Die Schulung meiner Begabungen fand hier statt:

in X50 in Schkopau von 1969 - 1982

Hier lernte ich tanzen und malen und schreiben, hier war meine Bibliothek. Hier ging ich ins Theater mit meiner Schulklasse. Hier waren meine ersten Bilder ausgestellt. Hier fanden meine ersten Auftritte statt. Hier lernte ich Schriftsteller kennen wie Franz Fühmann, Fred Rodrian, Hiltrud Lind u.v.a. Hier atmete ich den Duft von Bühne und Theater, von Orchester, von Farben und Büchern, den Duft von Schweiß, wenn wir uns ins Zeug legten. Hier hörte ich erstmals die Puhdys ... Hier fanden viele meiner bewegendsten Momente meines Lebens statt. Hier schloss ich Freundschaften, fand Verbündete, Freundinnen und Lehrer, ohne die ich nicht die wäre, die ich heute bin, ohne die meine Bilder andere wären, mein Ausdruck ein anderer. 2- 3 Nachmittage in der Woche verbrachte ich hier über 13 Jahre meines Lebens.  Noch heute, nach über 34 Jahren, sehe und  fühle ich die Atmosphäre dieses Hauses, höre ich seine Geräusche, rieche den Duft von Schminke, spüre die Aufregung vor den Auftritten, die Anspannung, höre den Beifall, erlebe die Freude ... Ich spüre ein Lachen, denn in mir ist dieser Ort lebendig und lebt auf diese Weise weiter, auch wenn er heute - wie im Video zu sehen - verfallen ist. Doch aus mir heraus blüht er weiter mit dem, was ich tue und weitergebe ...

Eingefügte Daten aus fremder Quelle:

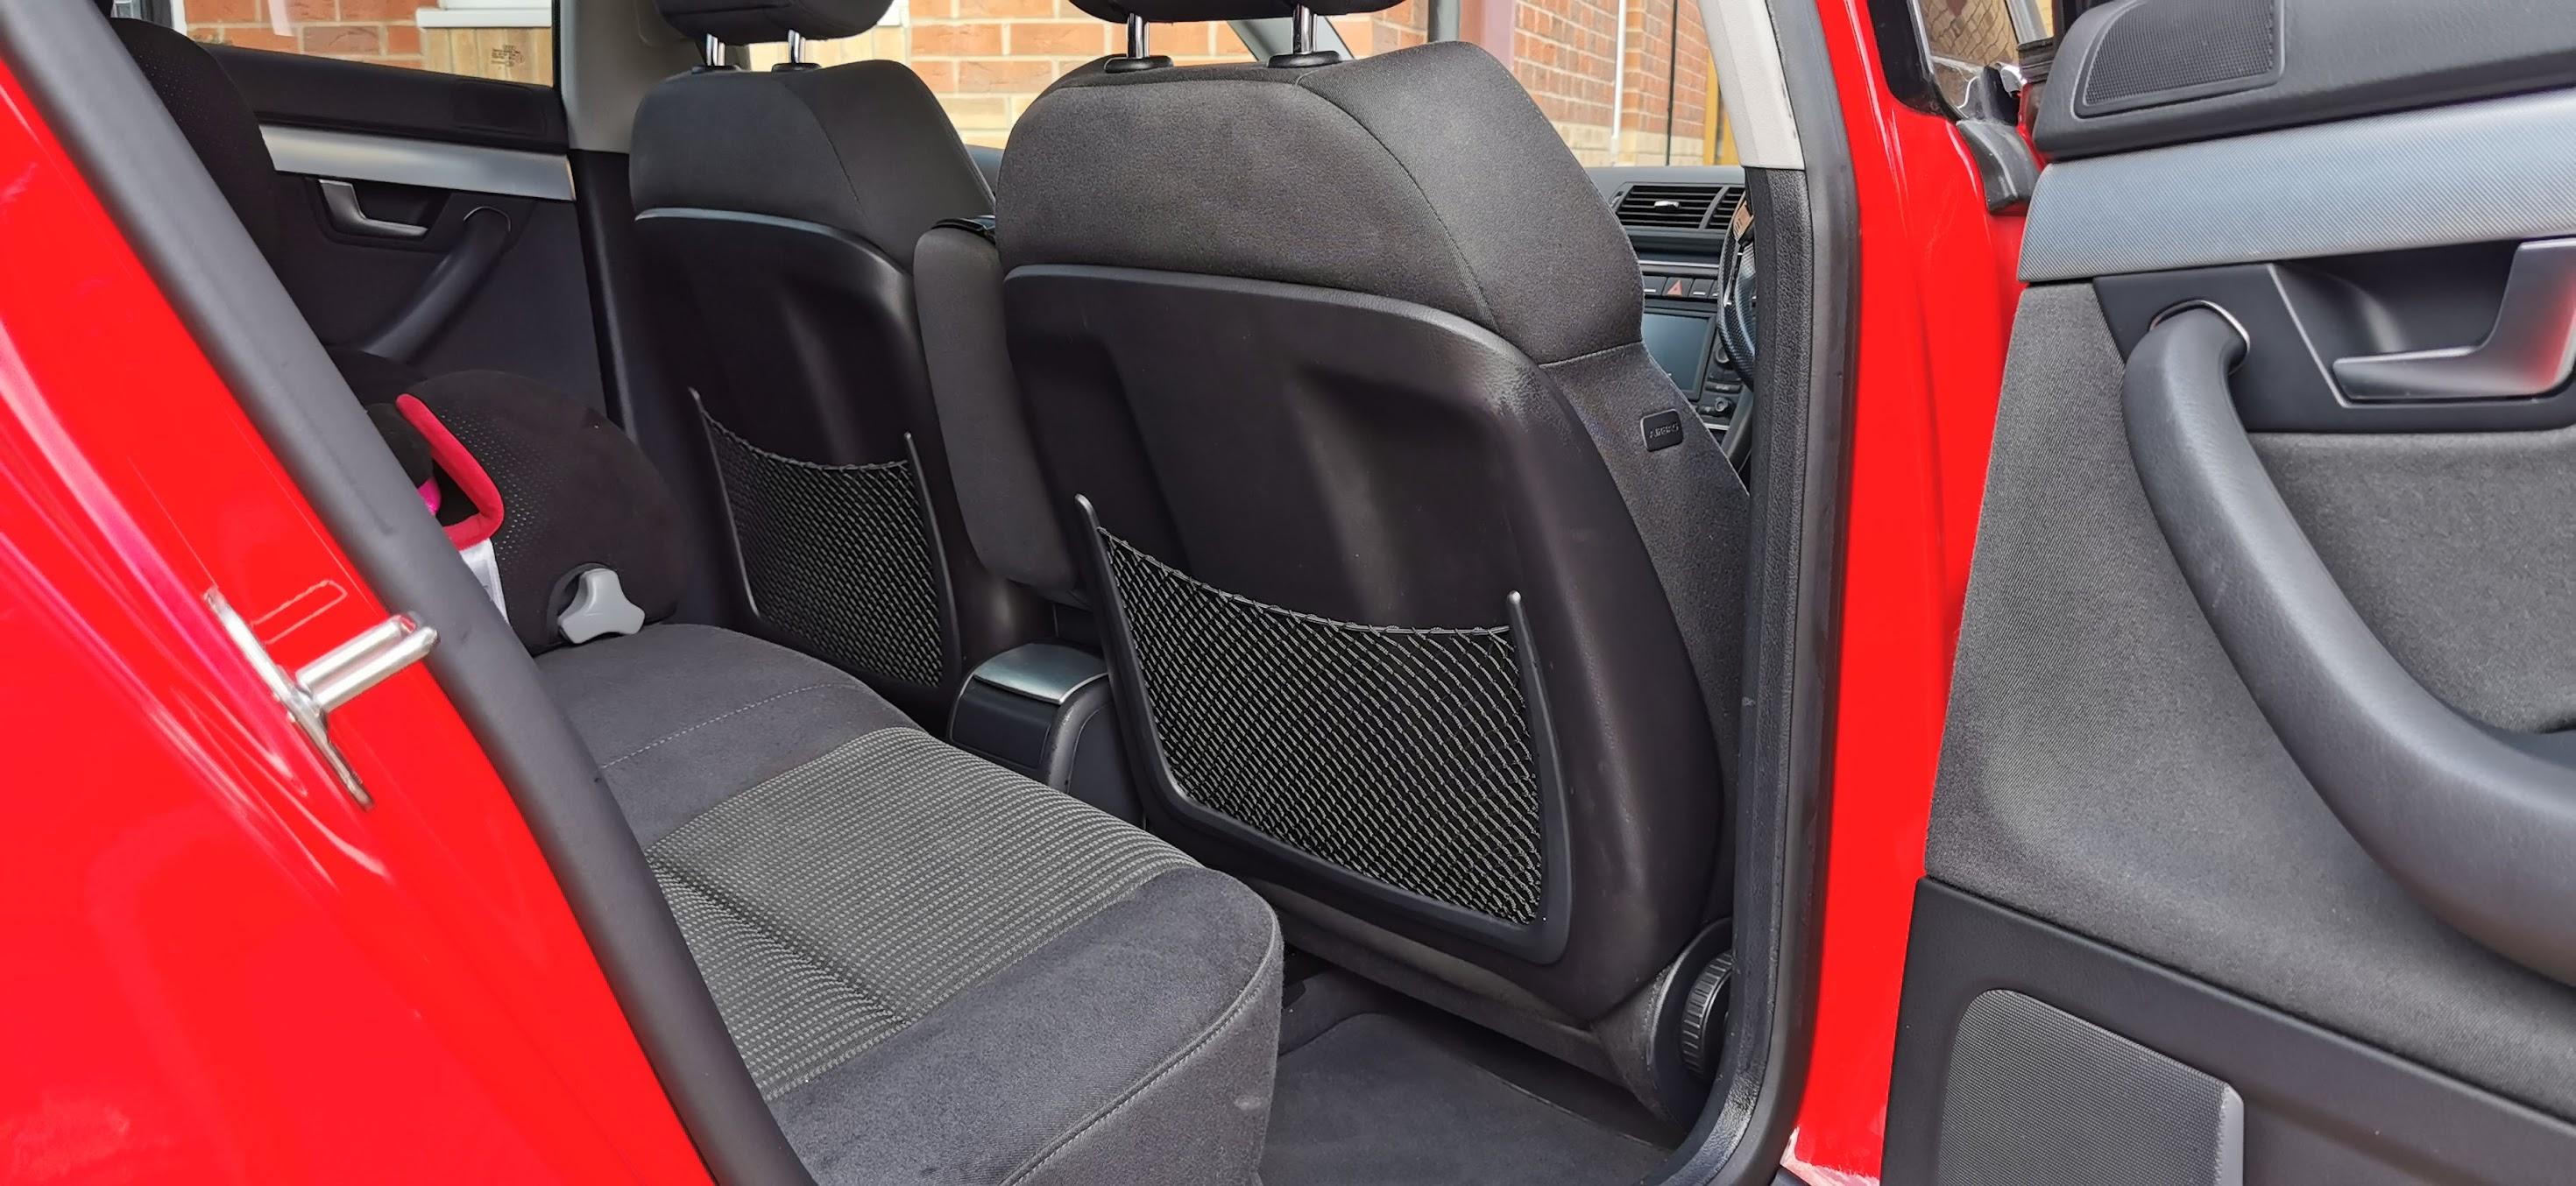 seat_backs_after.jpg

An dieser Stelle möchte ich meinen Lehrern danken in der Reihenfolge wie sie in mein Leben traten: Ottilie Pohle, meine Tanzlehrerin; Ilse-Maria Krause meine erste Mallehrerin mit dem großen Herzen für Kinder und die Kunst; Siegfried Werner, mein zweiter Kunstlehrer, bei dem ich all die Mal- und Zeichentechniken erlernte und der mein Auge schulte, zu sehen, was nur ich so sehen konnte; Ursula Metz, die mir die Liebe zur Literatur nahe brachte und dafür sorgte, dass ich jede Menge Schriftsteller und Illustratoren kennen lernte, die Leipziger Buchmesse schätzen lernte und die unsere Reisen zu  Verlagen organisierte. Ich grüße all jene Menschen, die hier mit mir - an diesem Ort - sich der Kunst widmen durften. Ich bedauere zutiefst den Verfall dieses ehrwürdigen  Hauses, aus dem viele berühmte Künstler hervorgegangen sind und so viele Menschen, die hier ihre Herzen füllen konnten.  DANKE an all jene Menschen, die diesen inneren Reichtum erschaffen haben und am Leben hielten, solange dies möglich war.